Он знал, что в присутствии отца продолжать разговор в прежнем тоне ему не было никакой возможности, но и замолчать сразу было неловко: он решился выбрать средину.
- В тот день, - продолжал он далеко уже не с такой самоуверенностью, послали меня с известием...
- К кому? - перебил его отец каким-то бесстрастным голосом.
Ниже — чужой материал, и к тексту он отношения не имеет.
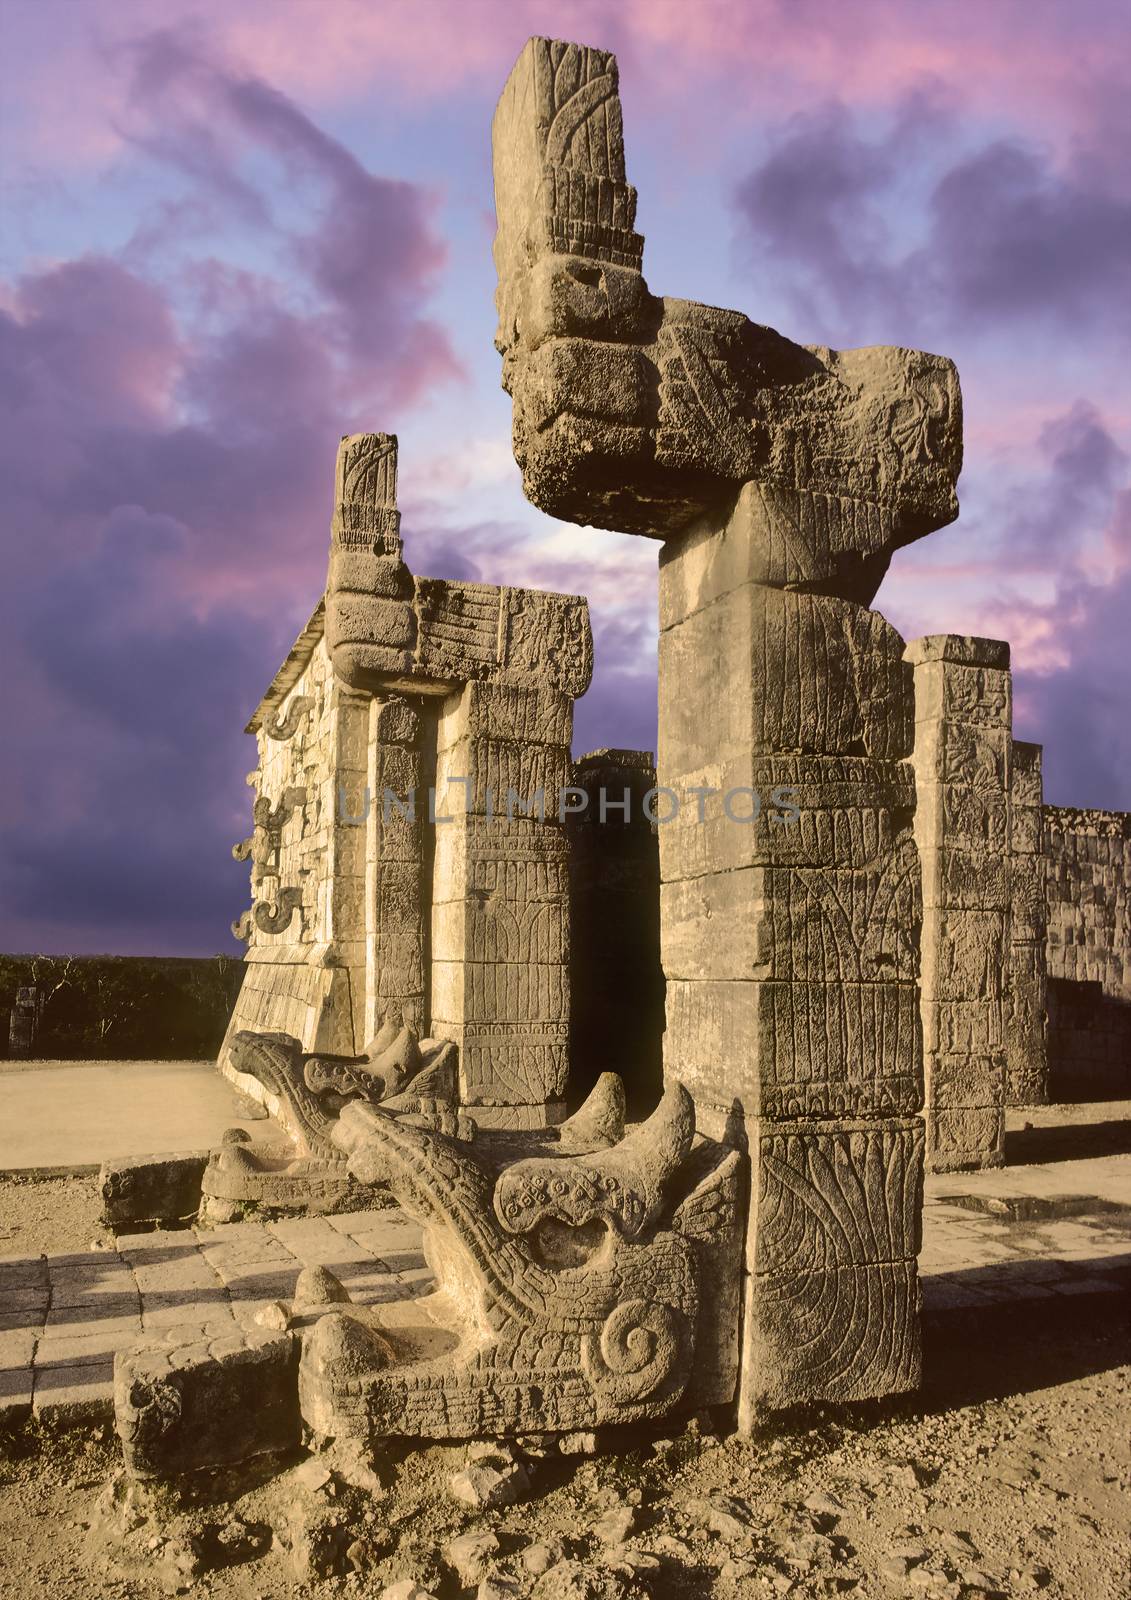 Mayan temple pyramid sculpture in the city of Chichen Itza, Yucatan, Mexico

- Не помню к кому... - почти пискнул Евграф Петрович.
- О чем?
- Кажется, что, сколько теперь помню, что... Витгенштейн наступает или отступает...
- А!.. - протянул отец.
- Только поехал я с... Лошадь у меня была отличная, - продолжал Хариков, голос его заметно дрожал, - только вдруг, вижу я, от неприятельского авангарда отделился польский уланчик и за мной... Я как бы дальше от него, а он ко мне все ближе; вижу, и копьецо от меня недалеко - я хвать из седла пистолет; бац - осечка! Копьецо уж и гораздо ближе ко мне: я другой раз бац - осечка! Копьецо уж почти у хвоста моей лошади... делать нечего, перекрестился (Евграф Петрович закусил при этом злобно губы), перехватил пистолет дулом в руку и пустил его на волю божию и прямо угадал молодцу в висок... закачался он на седле - и головку закинул назад.
- Это случилось не в двенадцатом году... - перебил его отец.
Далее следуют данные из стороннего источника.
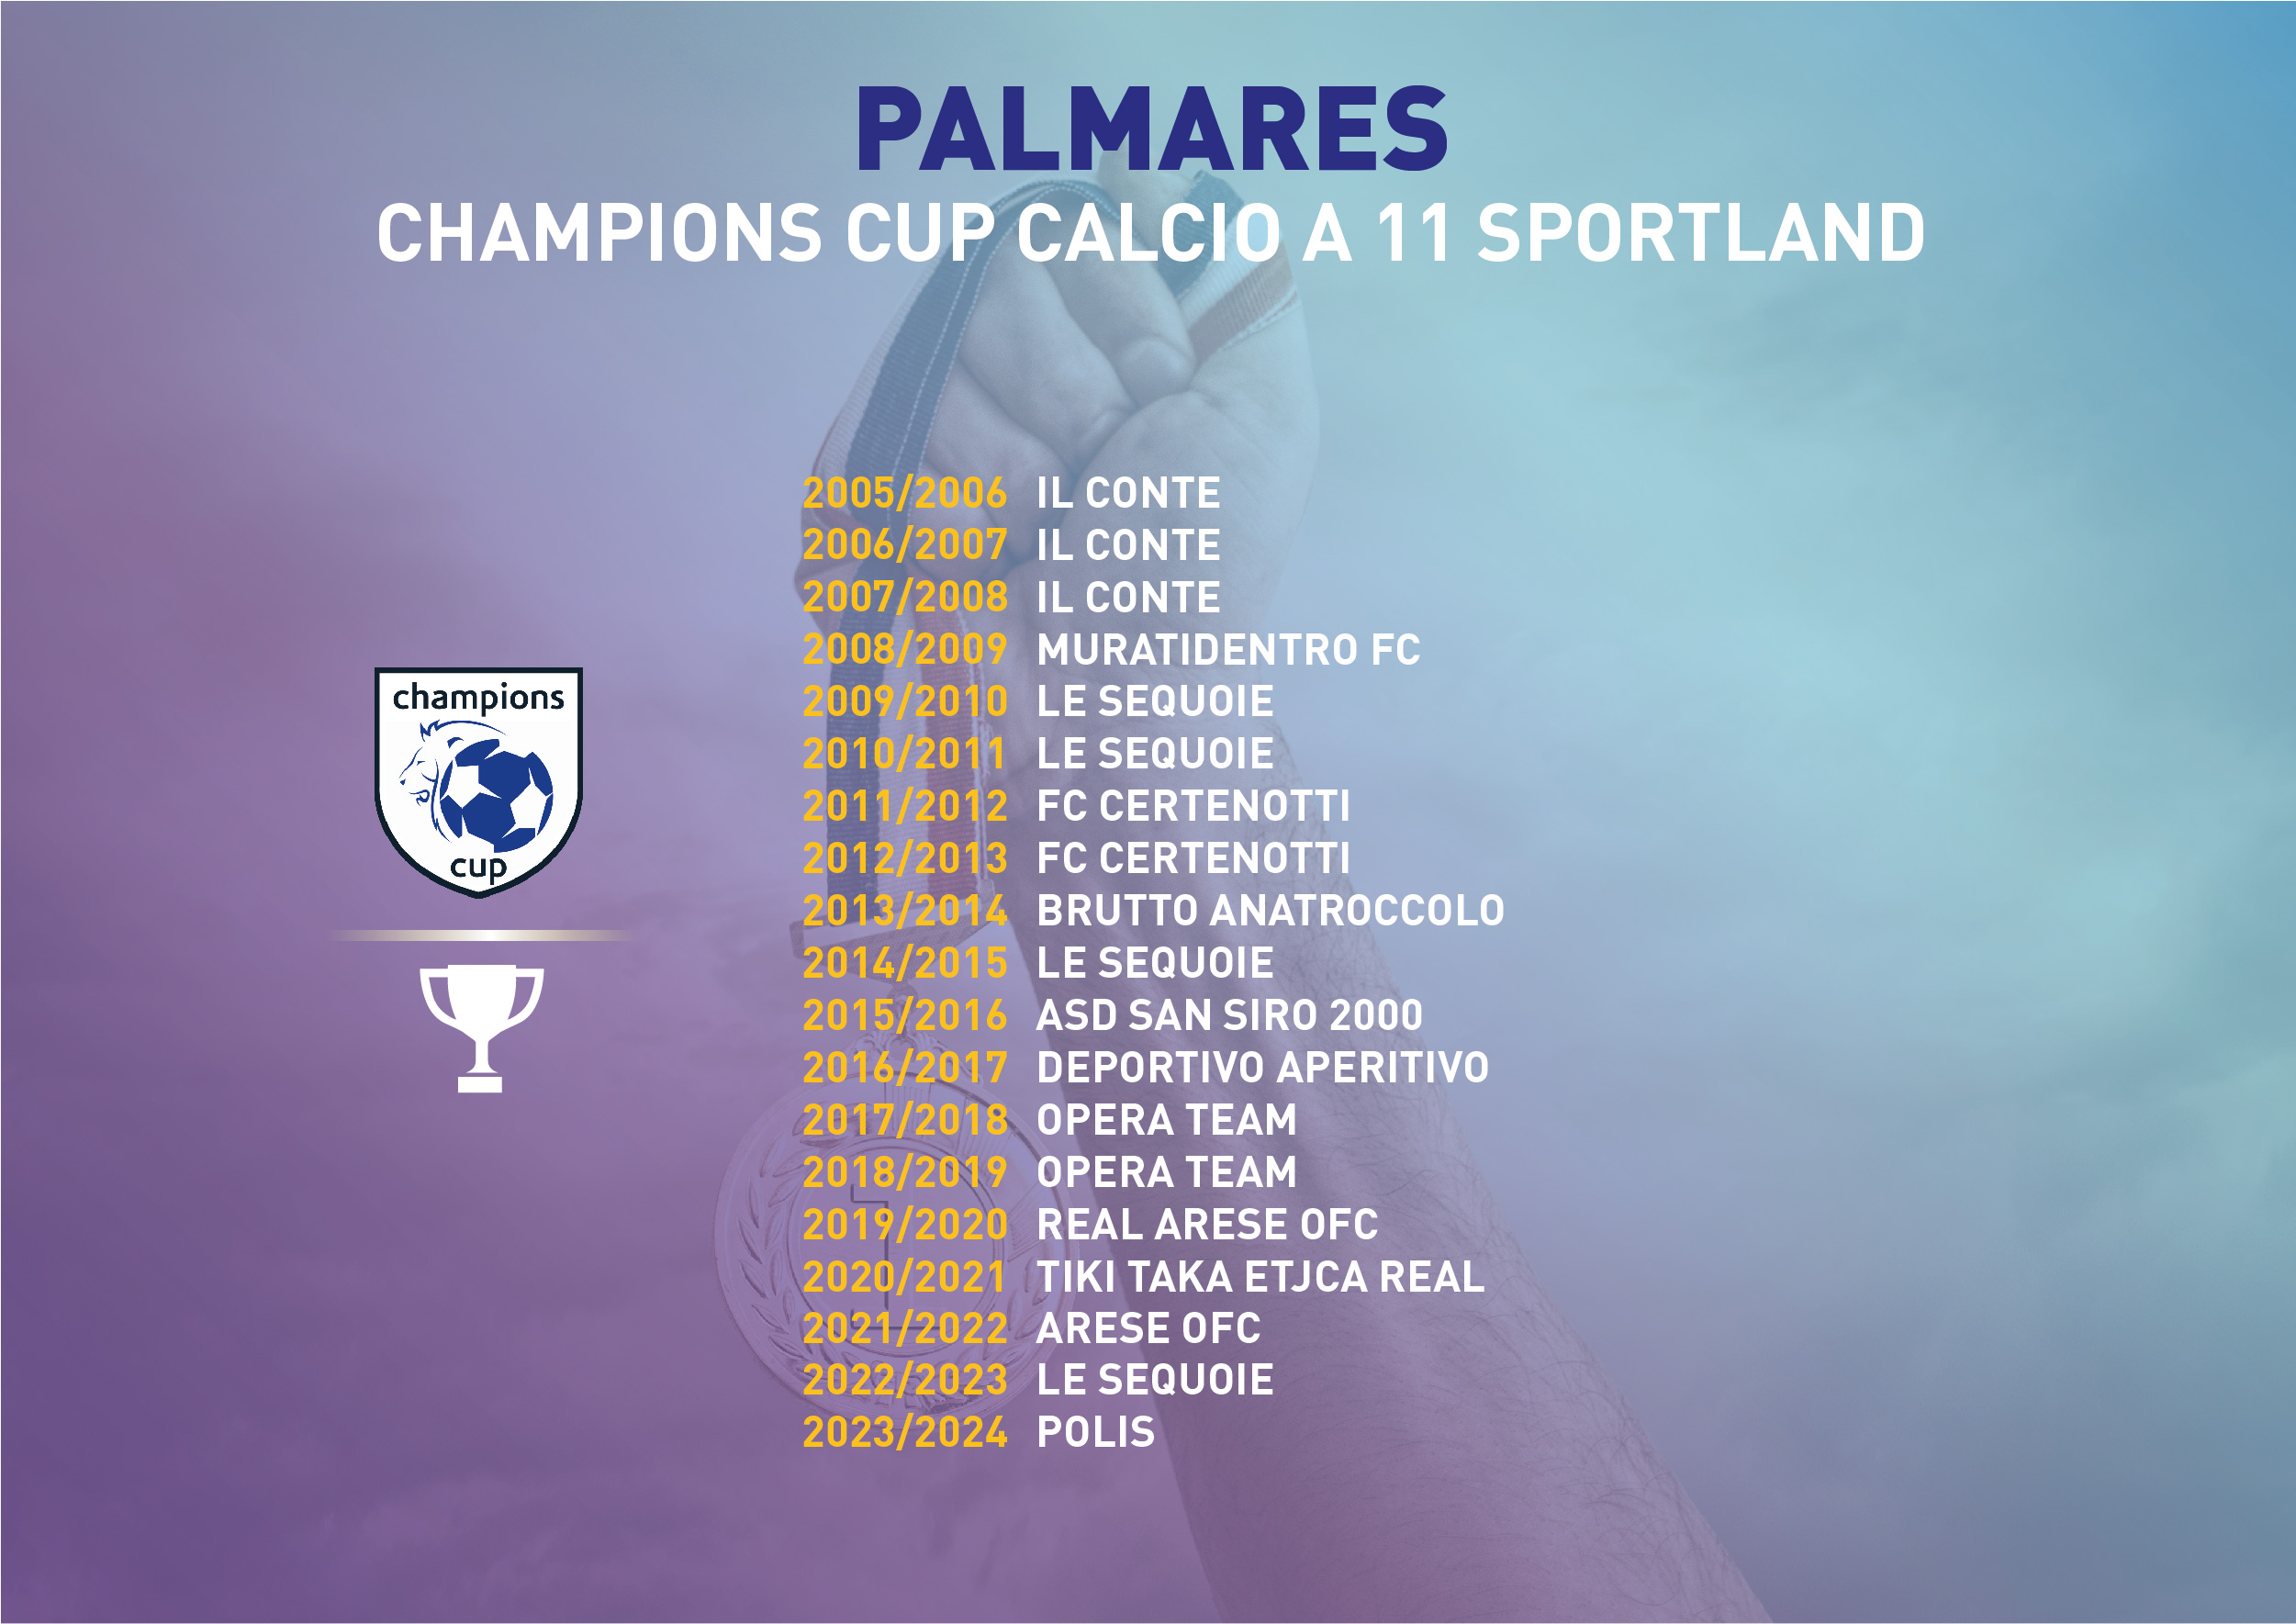 champions cup torneo calcio a 11 sportland milano

- Как не в двенадцатом? - спросил Хариков.
- И не при Глагау, и не с тобой, а в польскую кампанию действительно один наш кирасир убил польского улана холодным пистолетом, и это я тебе даже и рассказывал...
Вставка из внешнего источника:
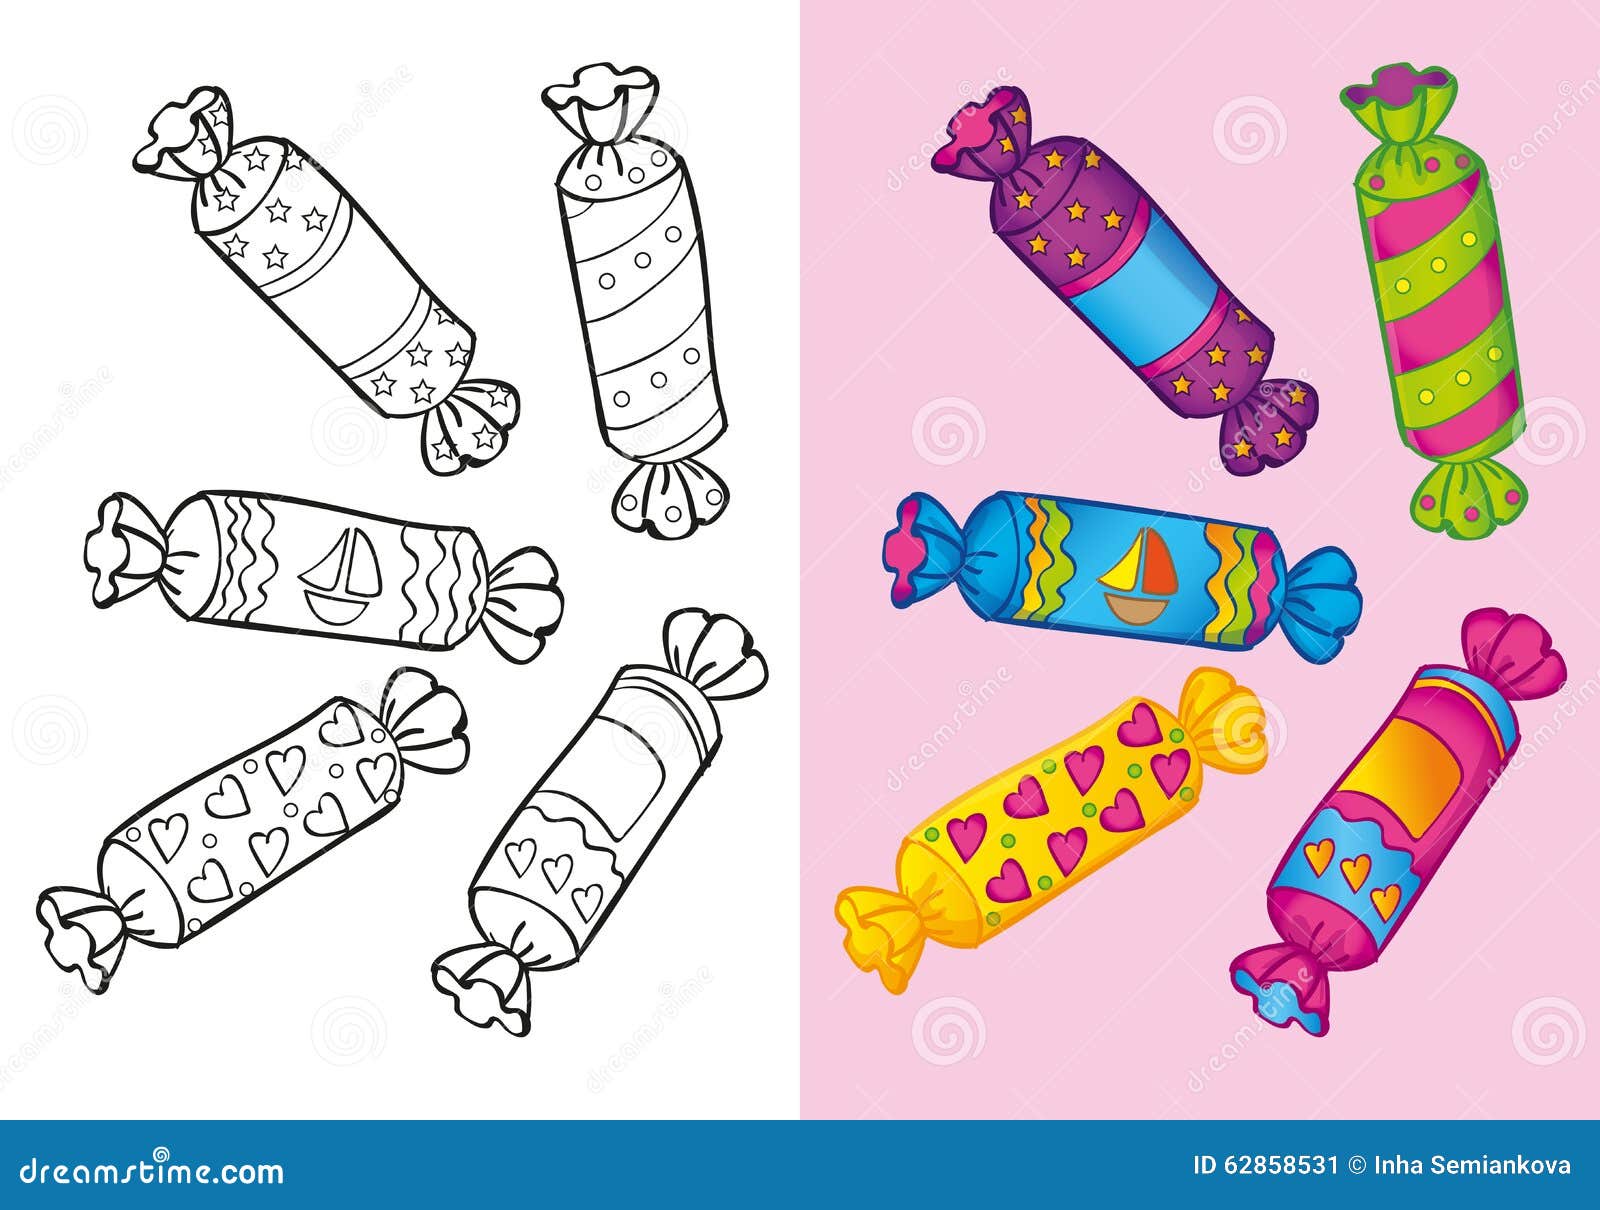 Конфеты для детей цветные раскраски

- С кирасиром, может быть, случилось само по себе, а со мной само по себе! - затараторил Хариков.
- С тобой случилось другое, - ответил отец, - ты убежал из провиантского магазина от сорока мышей.
Евграф Петрович сильно покраснел.
- Вот вздор какой! Я бежал не от крыс, а от неприятеля: на меня кинулись два французские карабинера; я схватил одного за шивороток, другого за шивороток, треснул их головами и ушел от них.
- Ты сидел в магазине, - продолжал отец тем же бесстрастным голосом, и считал там казенные мешки с хлебом; в это время из одного амбара в другой переходило стадо крыс; ты испугался и убежал от них.
- Говорить все можно! - произнес Хариков обиженным голосом. - Если я убежал от крыс, за что же мне пур-ле-мерит дали?
- Не знаю, за что! - отвечал отец оскорбительнейшим образом.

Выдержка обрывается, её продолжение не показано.